CoorDL is built on top of DALI and it incorporates the three following techniques:
MinIO: DNN-aware software caching to reduce cache misses per epoch (benefits single-server training)
Currently, the caching of the training dataset relies on the OS page cache. DNN training has the data access pattern of "repetitive across epochs and random within an epoch". This means that all data items in the dataset have equal probabilities of access in an epoch, so it is not important which data item is cached, but instead, it is crucial that cached items are not replaced before they are used in order to minimize I/O per epoch.
In MinIO, items, once cached, are never replaced in the DNN cache. This technique results in only capacity misses while using the page cache + LRU leads to more misses because of thrashing. MinIO is implemented in user space instead of a policy in the kernel.
In distributed training, the dataset is partitioned across all servers with a random partition every epoch. The authors found that on a cache miss, data transfer over commodity TCP stack is much faster than fetching from local storage. As a result, the authors present Partitioned MinIO. At the end of the first epoch, Partitioned MinIO collectively caches a part of the dataset of size equal to the sum of capacities of individual MinIO caches. Metadata about data items present in each server's cache is maintained. In the case of a local cache miss, the item is looked up in the metadata. If present, it is fetched from the respective server over TCP (otherwise from local storage).
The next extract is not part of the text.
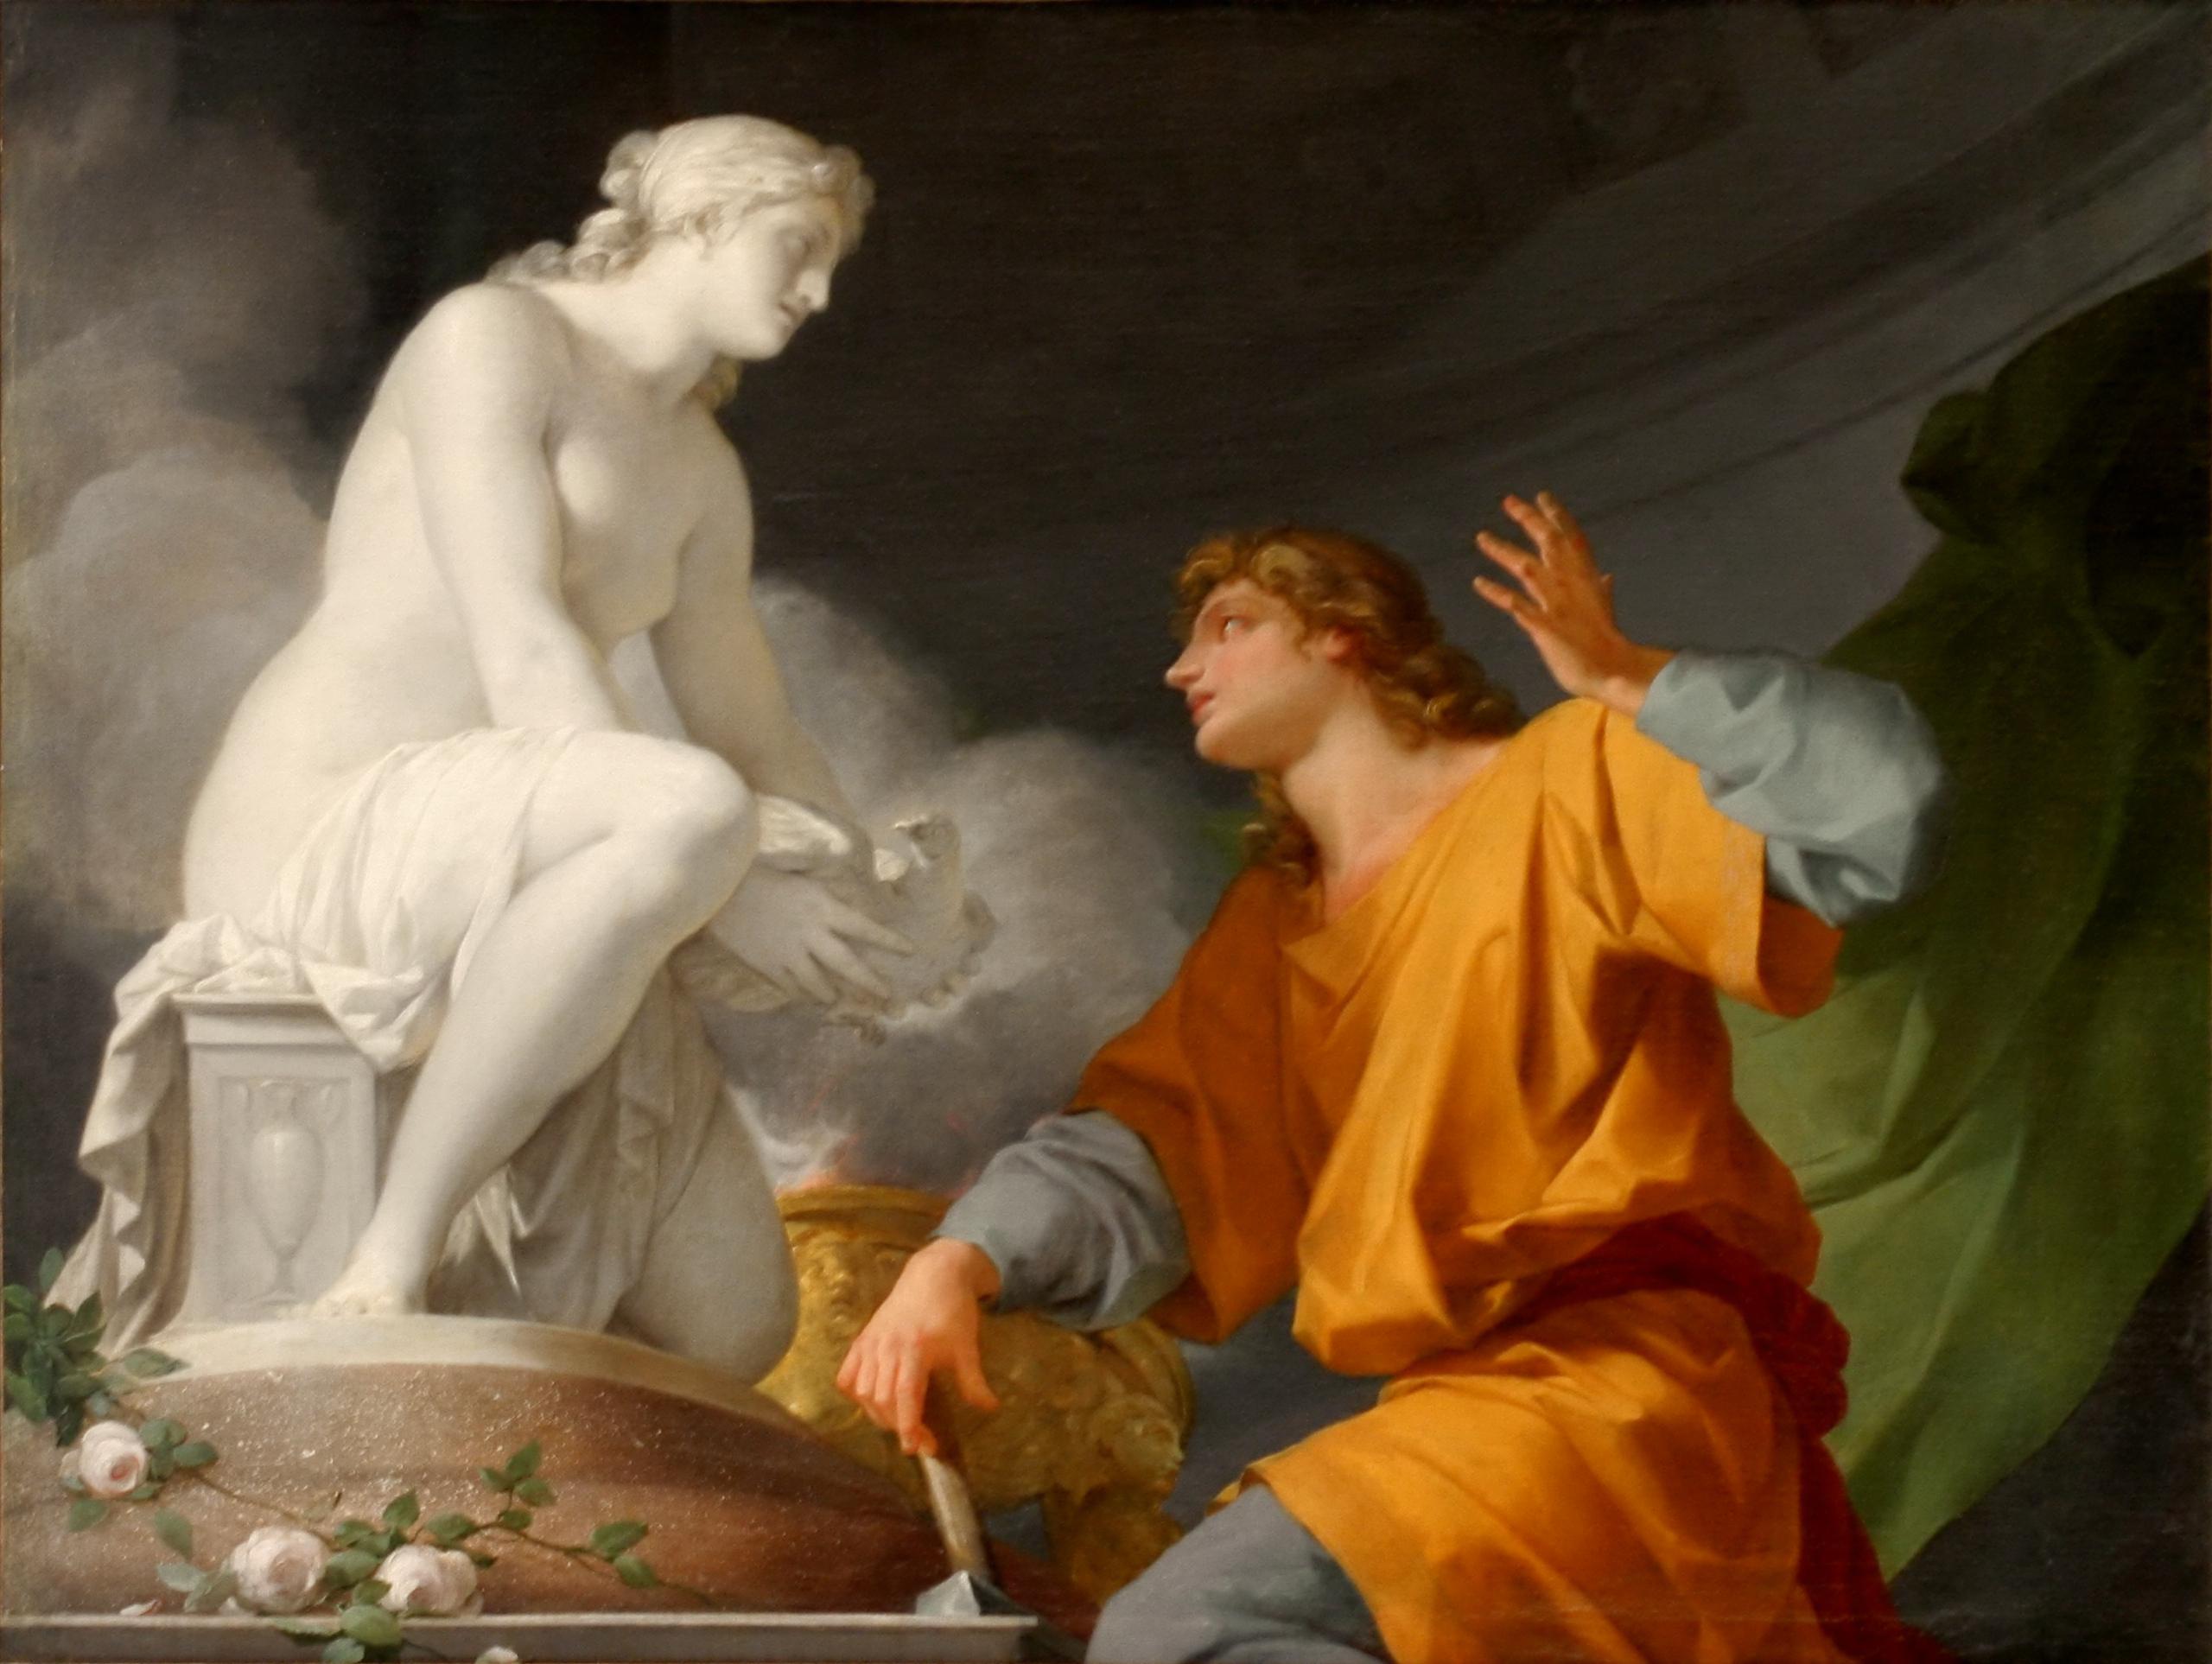 https://upload.wikimedia.org/wikipedia/commons/8/84/Ch%C3%A2teau_de_Versailles,_salon_des_nobles,_Pygmalion_priant_V%C3%A9nus_d'animer_sa_statue,_Jean-Baptiste_Regnault.jpg

When colocating hyperparameter search jobs, pre-processed minibatches created by one job can be reused by all other jobs. However, there is currently no coordination in data fetch & prep among these jobs, leading to stalls. In coordinated prep, each job receives a random shard of the dataset and processes it. After pre-processing the minibatches, they are exposed to all other jobs in a staging area in the memory region (with minimal memory overhead). Coordinated prep ensures that a minibatch is deleted once it is used exactly once by all jobs to ensure that it's not used across epochs (leads to lower accuracy & OOM).